Full-timers Mears and Danny Sullivan (the 1985 Indy winner) would qualify their Chevrolet-powered Marches in third and 16th but, to replace Ongais’s smashed machine, Penske famously dragged an exhibition car from a hotel lobby in Reading, Pennsylvania and fitted it with a Cosworth DFX. It was an unlikely pick for Unser’s fourth and last Indy win, particularly when he qualified 20th and had to take evasive action on lap one.

“Josele Garza spun in Turn 1 and almost put me in the wall!” said Unser. “That’s always the problem with starting back there, and over the years I’d tried to avoid that by qualifying at the front, among the quick and experienced guys that you can trust. Garza’s car actually touched mine, and I said to myself, ‘Man, it’s gonna be one of those days.’

“So I took it easy, too easy. I let Mario Andretti lap me after about 20 laps. And that’s when I got pissed off and went after him. There’s no way I could have beaten him that day. He had us covered – had the whole field covered – but he never lapped me the rest of the race.”

But with just 20 laps to go, having led for 170, Andretti dropped out when his engine blew.
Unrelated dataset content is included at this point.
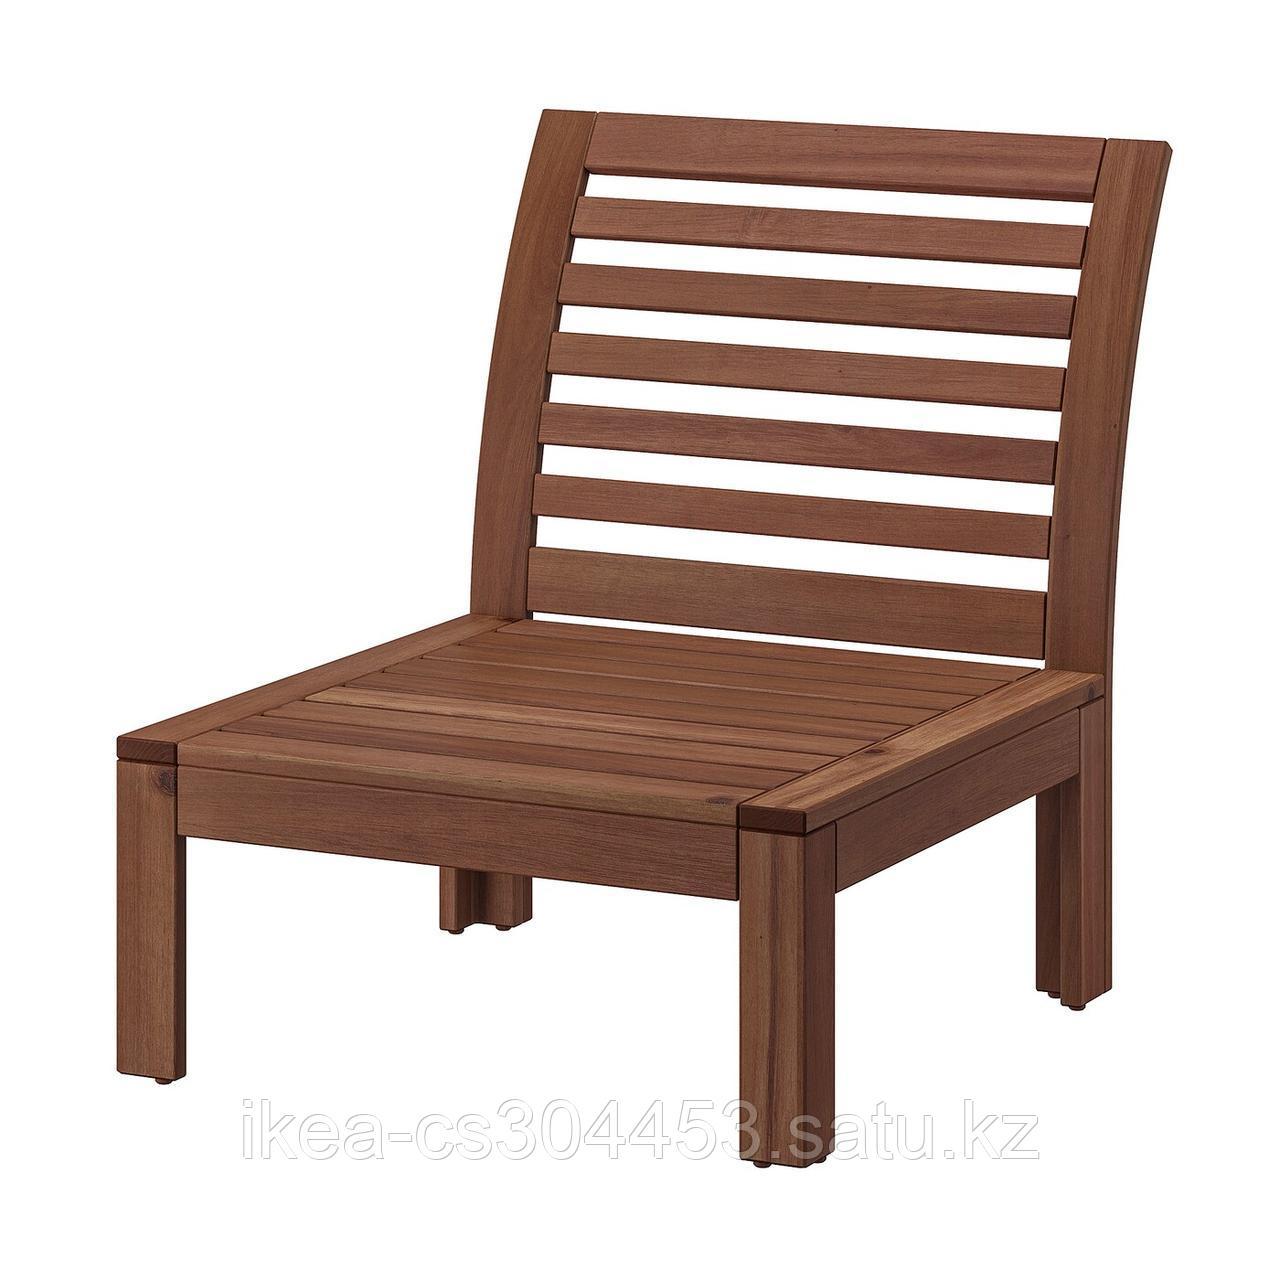 Секции мягкой мебели

“That left me and Roberto Guerrero going at it for the win,” said Unser. “Roger had been on my radio since Mears had gone out, so I knew I was running good enough. Roger tells you who’s around you, what you’re doing, what others are doing – actually, he never shuts up.

“Anyway, it was very even between me and Guerrero: if I was ahead of him, I could stay ahead; if I was behind, I couldn’t pass. Then Roger made a decision to make our final pitstop early to put pressure on Guerrero, and that’s exactly how it worked. He messed up in the pits.”

For the next two years, he qualified a Penske on the front row; he also coaxed a Lola-Buick to finish third in 1992 (below), the year Al Jr. finally won the 500; and the 54-year-old even led the race a couple of times in King Racing’s Lola-Chevy in 1993. But the decision to retire altogether was swift the following year.

“I found myself standing on the pitwall watching my son qualify and suddenly realised I was too interested in how he was doing,” says ‘Big’ Al. “People who lack the ability to give 100 per cent don’t win. So I quit.”

And he did so as an Indianapolis Motor Speedway and Indycar racing legend.